Appellee, by his conduct with reference to the financial statement, notified the appellant that he was relying upon his furnishing a correct statement. While there was no legal fiduciary relation between appellant and appellee, still, under the circumstances, appellee had the right to rely upon the statement of appellant as to the financial condition of the corporation, because, according to appellee’s testimony, which is not disputed, he made inquiries of appellant and gave him to understand, in effect, that he was. going to rely upon the truth of the statement that appellant furnished.
Mr. Pomeroy says: “Not only where the vendor thus occupies a fiduciary position towards the purchaser, independently of the sale, but also when, in the very contract of sale itself, or in the negotiations preliminary to it, the purchaser expressly reposes a trust and confidence in the vendor, and when, from circumstances of that very transaction, or from the acts or relations of the parties in connection with it, such a trust and confidence reposed by the purchaser is necessarily implied in the contract of sale, it is the duty of the vendor to make a like disclosure, and his failure to do so is a fraudulent concealment.” 2 Pom. Eq. Jur., § 904, p. 1617.

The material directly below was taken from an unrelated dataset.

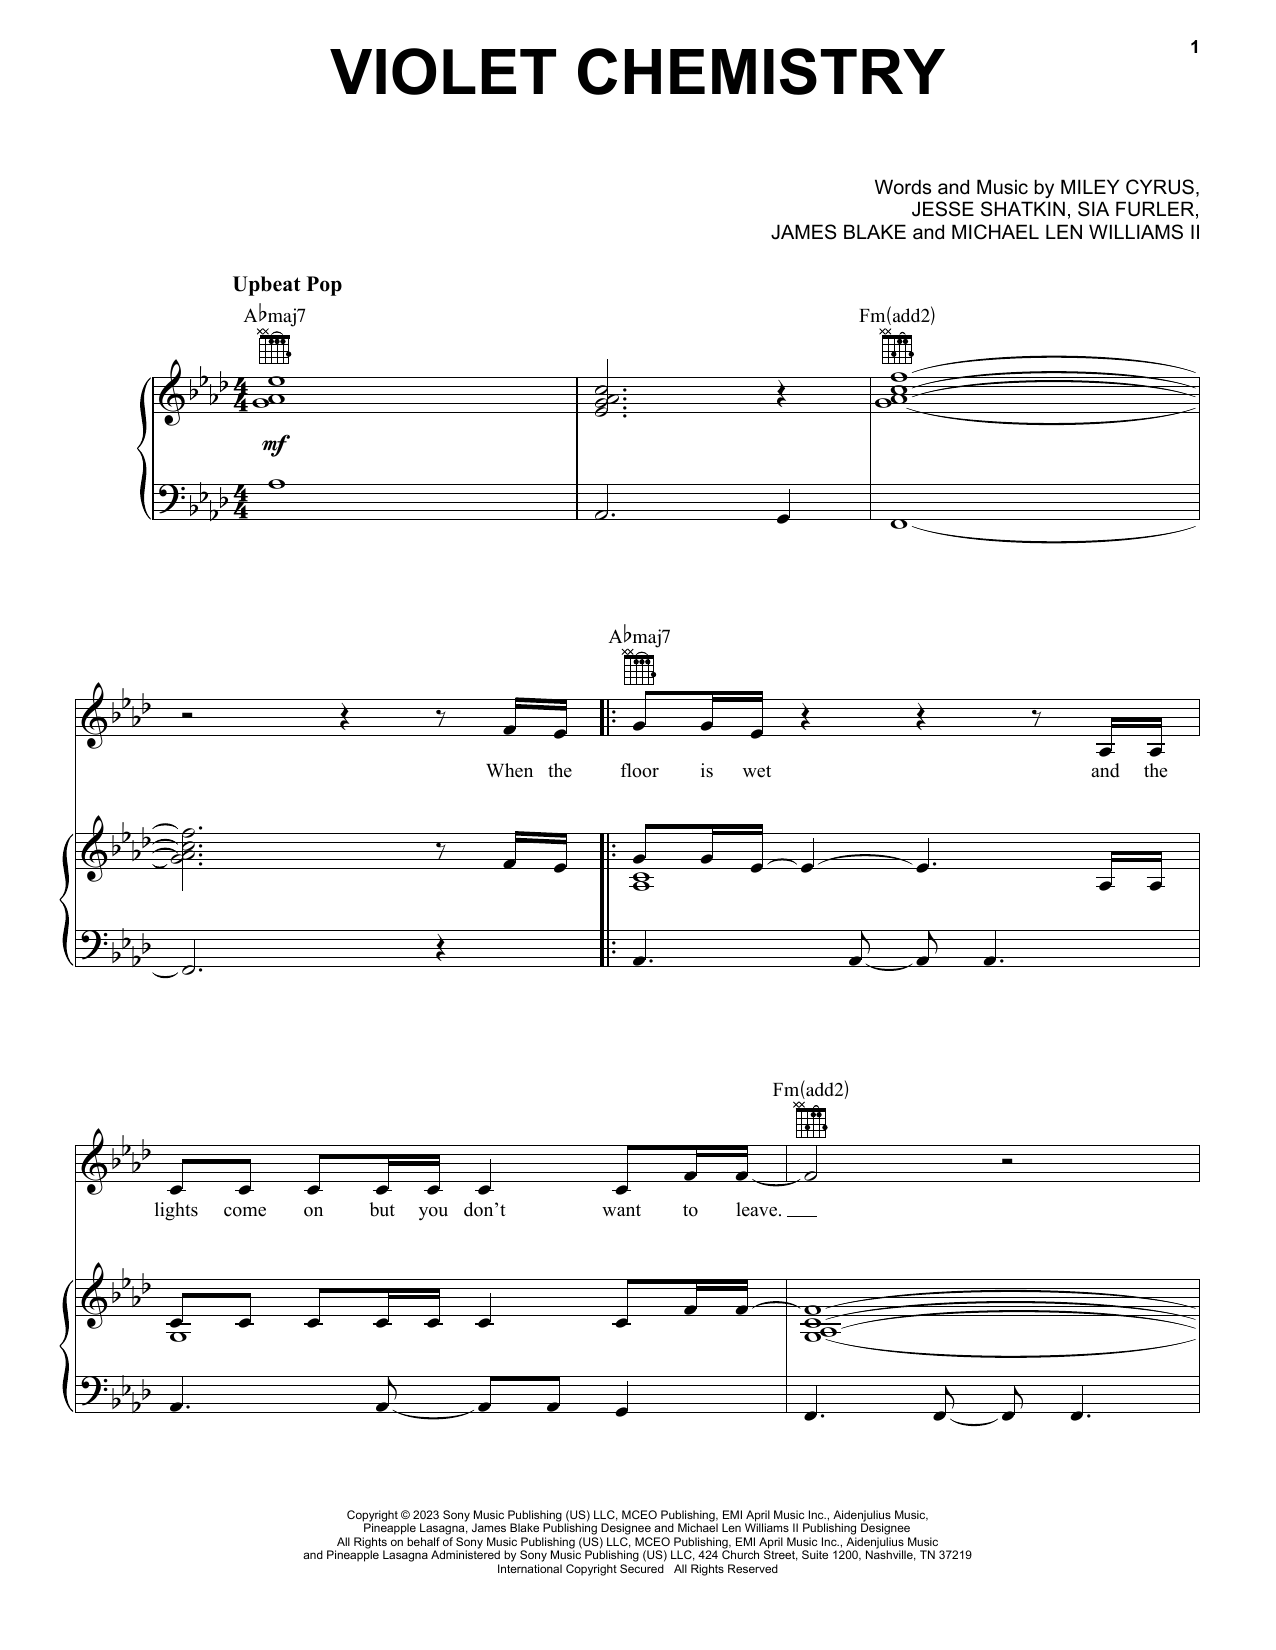 Download Miley Cyrus Violet Chemistry Sheet Music

The circumstances under which English and the appellant made the statement and furnished the same to the appellee for the purpose of having him rely on the same, and to influence him to endorse the note and execute the contract, were such as to advise appellant that appellee was relying upon appellant’s peculiar knowledge of the facts disclosed by the statement which appellant was furnishing “for the purpose of having the trade go through.” See Jarratt v. Langston, 99 Ark. 438.
Appellant contends that the appellee is not entitled to recover because the appellant made the statement believing the same to be true. There was testimony by both appellant and appellee to the effect that the appellant believed that the statement was correct and that there was no actual intent upon his part to mislead appellee. In other words, that there was no dishonest motive upon appellant’s part in making the representation contained in the statement, although same proved to be untrue. But, upon this point, Mr. Pomeroy states the doctrine as follows: “If a statement of fact, actually untrue, is made by a person who honestly believes it to be true, but under such circumstances that the duty of knowing the truth rests upon him, which, if fulfilled, would have prevented him from making the statement, such misrepresentation may be fraudulent in equity, and the person answerable as for fraud, forgetfulness, ignorance, mistake, can not avail to overcome the pre-existing duty of knowing and telling the truth. ’ ’ 2 Pom. Eq. Jur., § 888, p. 1584. See also Haldiman v. Taft, supra.
The decree is correct, and it is affirmed.